多くの個人情報…ましてや、現在唯一敵に対抗し得る能力者…レジティーマ、カルディアの両方の情報をひとつに集めるなど、どうかしている。

だが、これほど厳重ならば問題ない。

どれだけ強い者でも、それほどの威力の攻撃をしたら、ドアが開くと共になかの情報も消えるんだろう。


「………まあ、そうだよね。

 あんまりバラバラにしても、守りきれないだろうし」

うんうん。

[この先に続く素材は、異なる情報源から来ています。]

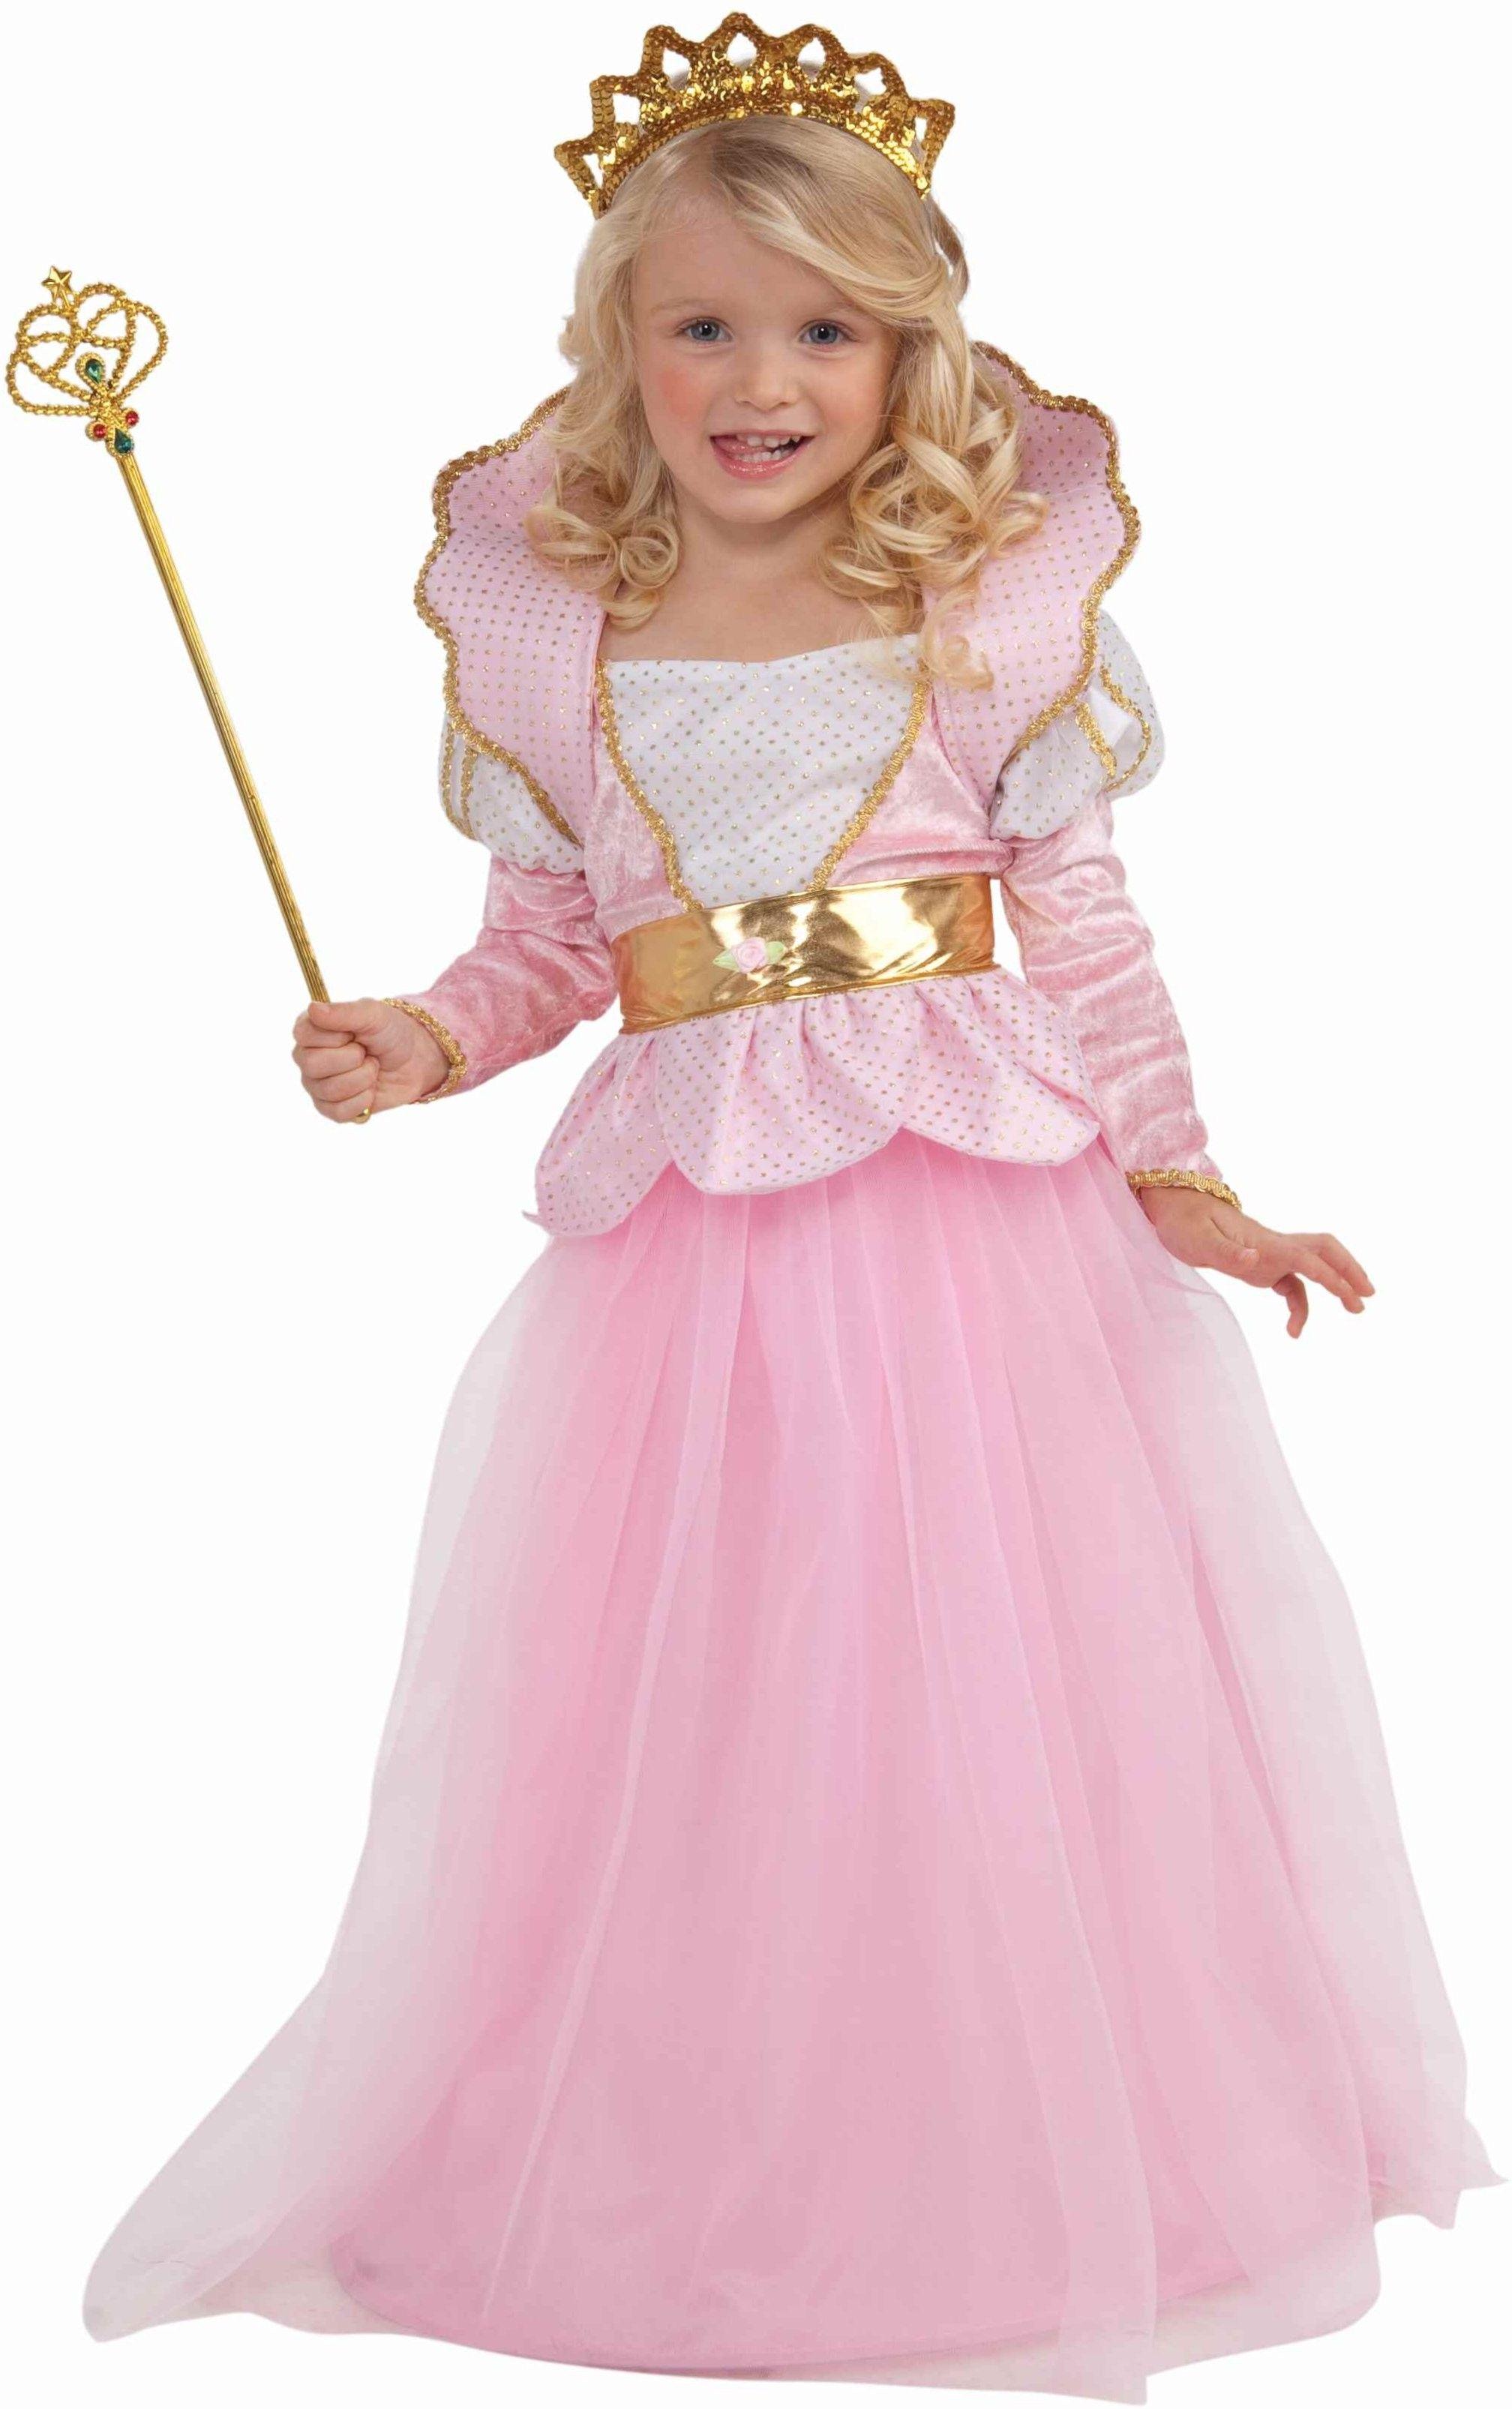 c86021803 this pink princess costume dress is super cute!  Princess ...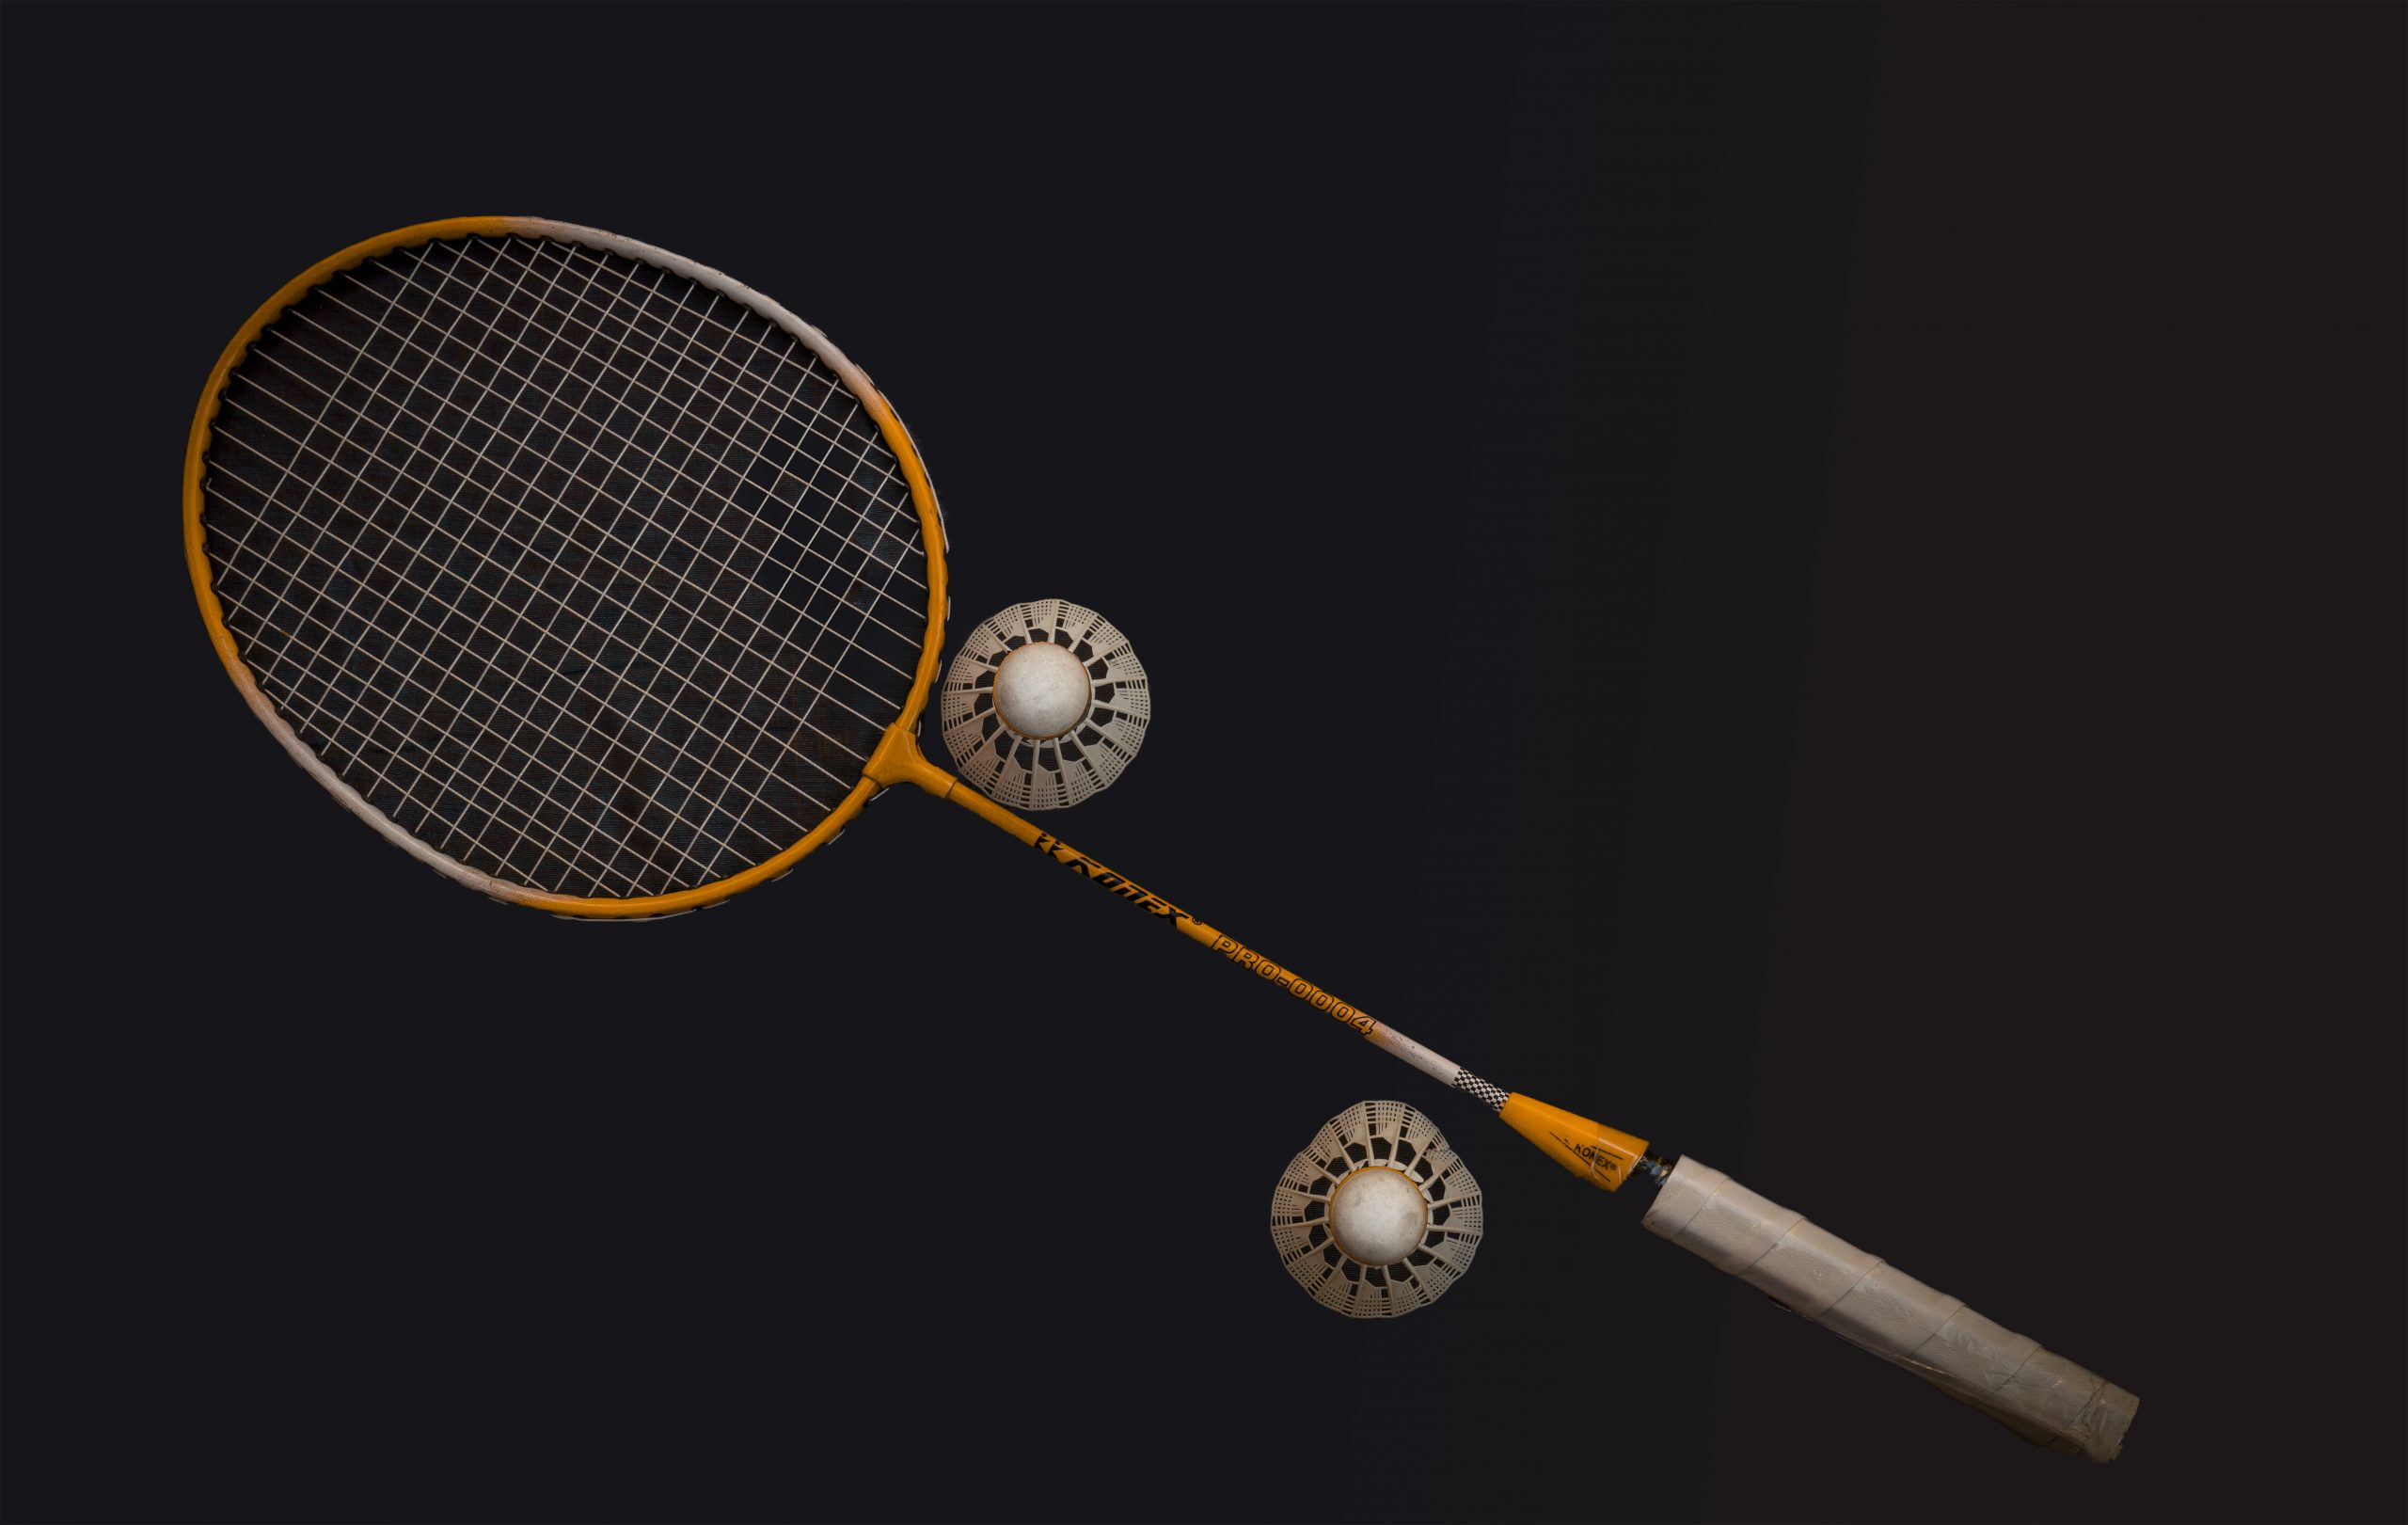 Badminton and shuttlecocks

と頷いて見せた。

それならこっちの方が、まだマシだろう。

この部屋事態、私と礼人が幹部候補だからこそ入れたのだろう。

私達が今やってる授業は幹部になるためのもの…。

…だが、つくづく、私達の首はこの組織アンゲルスに掛かってるのだと痛感した。


けど、ここの為に死ぬなんて御免こうむる。

私は組織のためじゃなくて、人のために死にたい。

欲を言うなら、人のために生きたい。


「強くならなきゃいけませんねぇ」

そうなれるためにも。

死んだら死んだで後悔はないけど、でもまだ死にたくない。

少なくとも。

これの為なら、誰かの為なら、っていう相手が見つけられるまでは。


「愛本さん…」

何処と無く、悲しげに聞こえた澤田さんの声に、何か気を使われたんだと感じた。


それが一番嫌な私は、バッと澤田さんの方を見つめた。

陽灯ひかり

 私も、礼人らいとって呼んでも良いですか?」

と、私はとびっきりの笑顔を見せて澤田さんに言った。

じゃなくて礼人。


なのに礼人は、さっきまでとは想像もつかない、私を見下すような笑みを浮かべた。

「ヤだね」

その答えに私は一瞬驚いてから、ニヤァッと笑った。


「わかったわ、礼人!」


「お前、意外と性格悪いね」

ブーメラン!と心のなかで爆笑した。